To describe the repository and its structure (communities and collections) a DSpace Repository Ontology was created. The DSpace Repository Ontology contains classes like Repository, Community, Collection and Item. The class Repository is a subclass of void:Dataset. Everyone using dspace-rdf should consider to add a description of the repository as a Dataset. This can be done with the StaticDSOConverterPlugin as described above.
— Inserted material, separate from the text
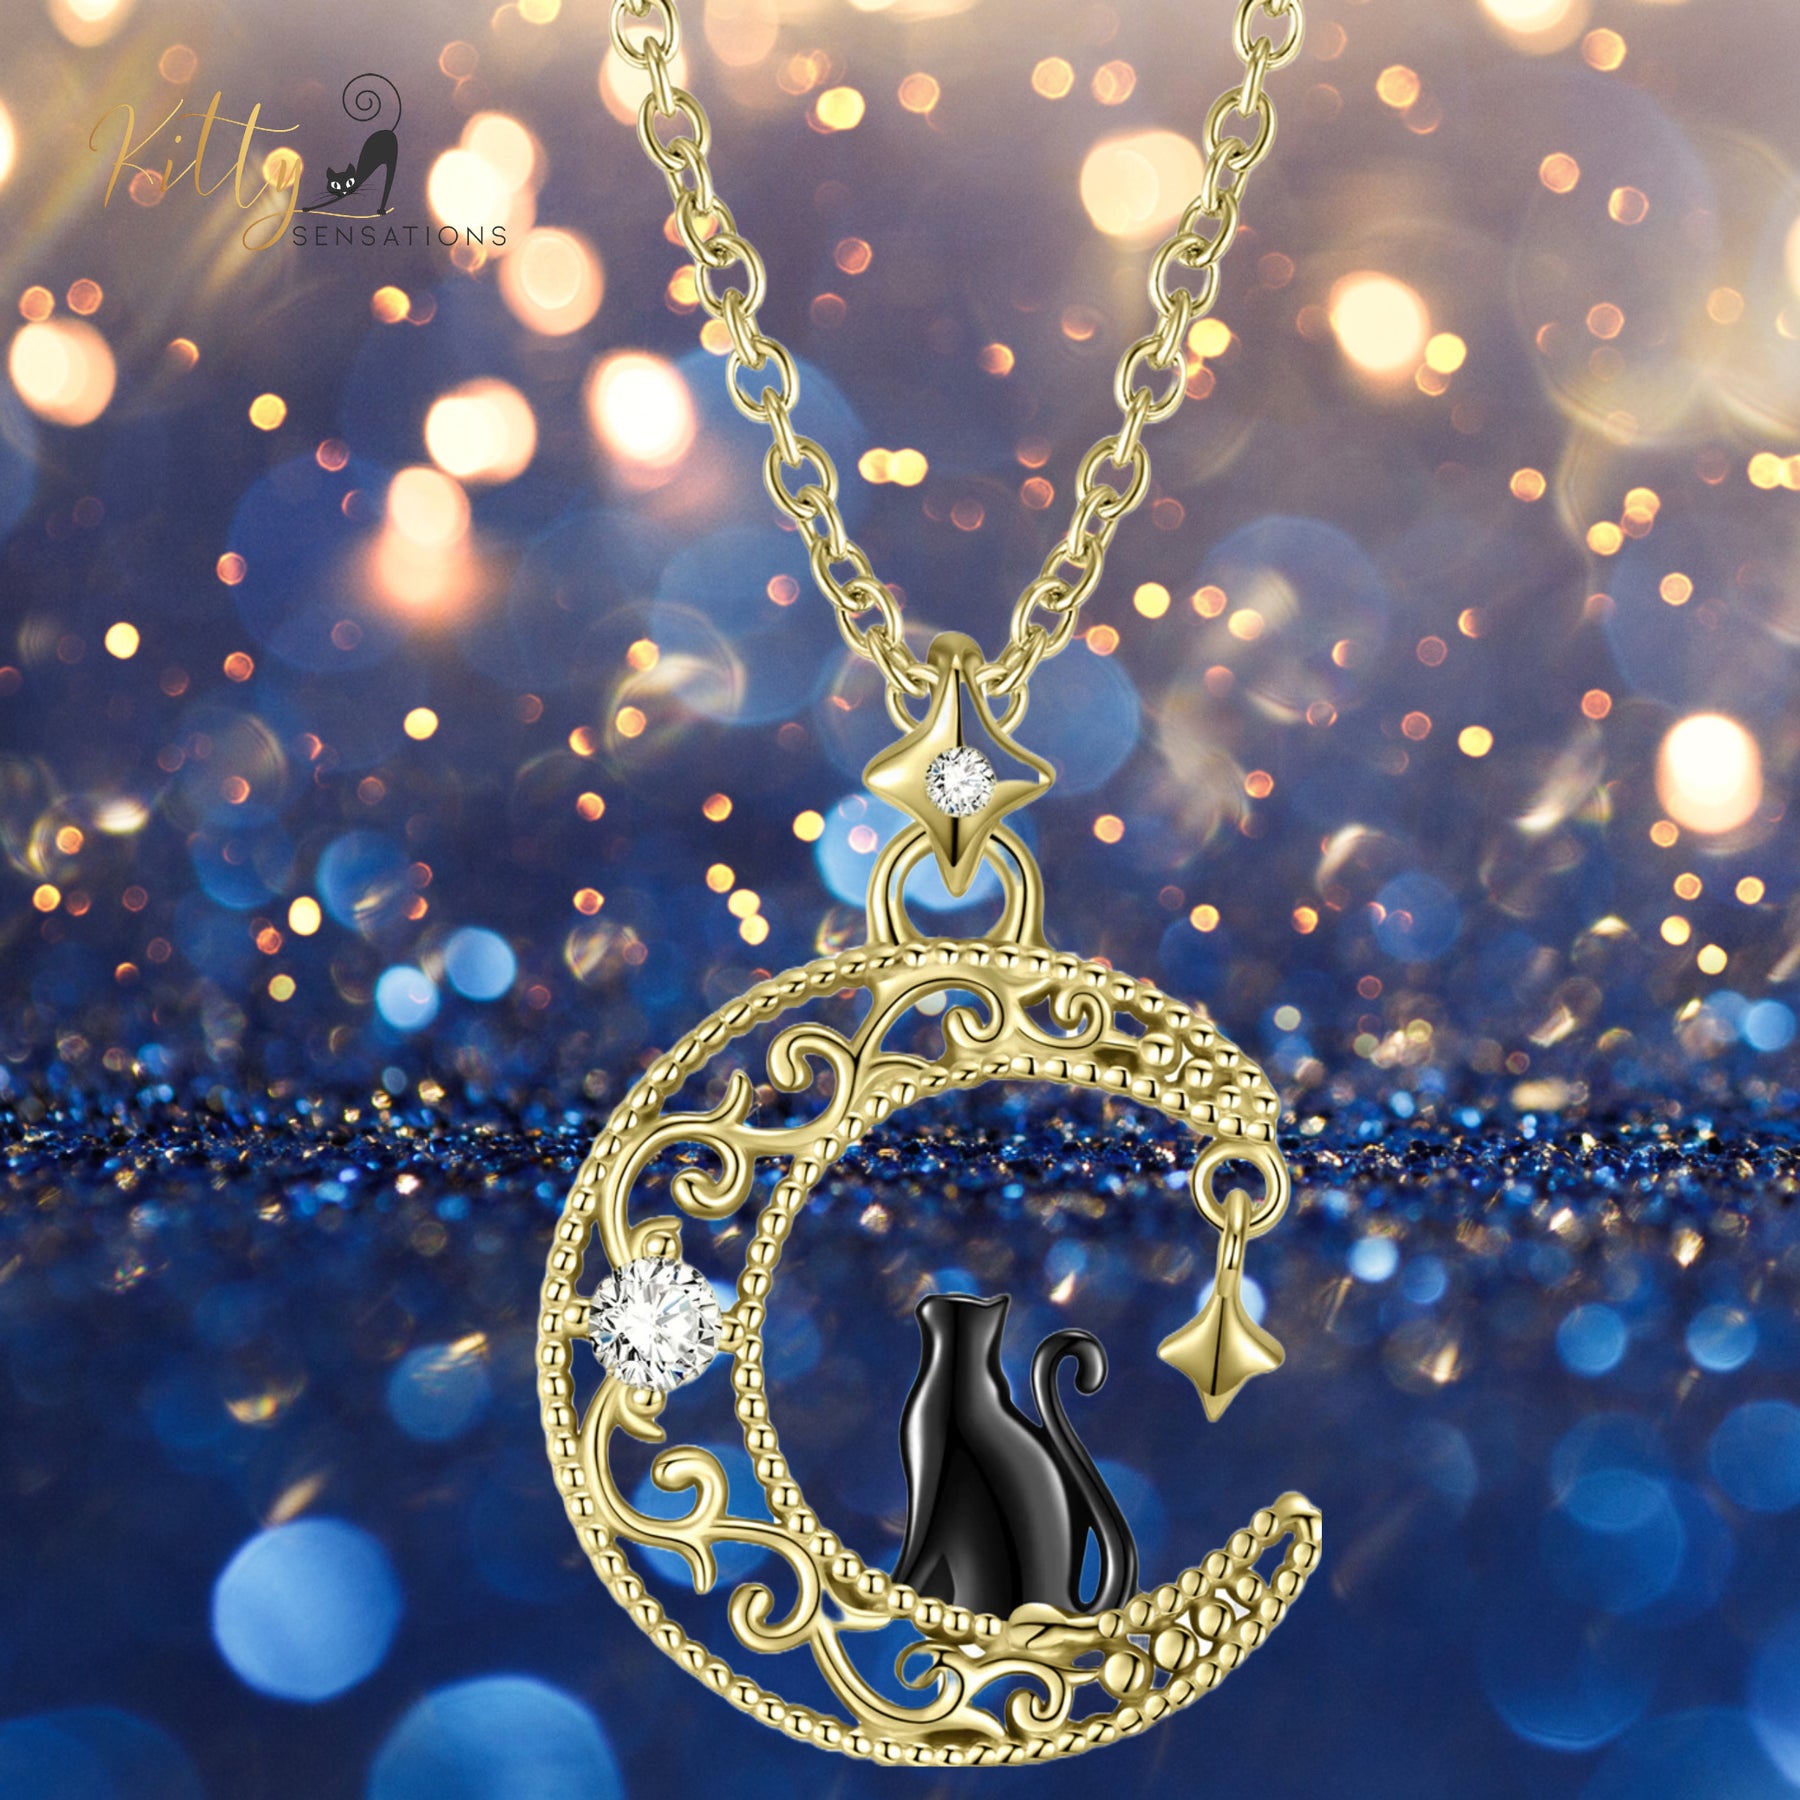 www.KittySensations.com: Black & Gold Moon Kitty Necklace in Solid 925 Sterling Silver ($89.15): https://www.kittysensations.com/products/black-gold-moon-kitty-necklace-in-solid-925-sterling-silver

The following part is an example for the contents of the file [dspace-install]/config/modules/rdf/contstant-data-site.ttl which can be used to add static to the description of the repository itself:

Code Block
title[dspace-install]/config/modules/rdf/constant-data-site.ttl
@prefix void: <http://rdfs.org/ns/void#> .
@prefix foaf: <http://xmlns.com/foaf/0.1/> .
 
@prefix : <#> .
 
# void expects the following URI to be a unique reference to the description of an single repository only.
# See http://www.w3.org/TR/2011/NOTE-void-20110303/#webpage for further information.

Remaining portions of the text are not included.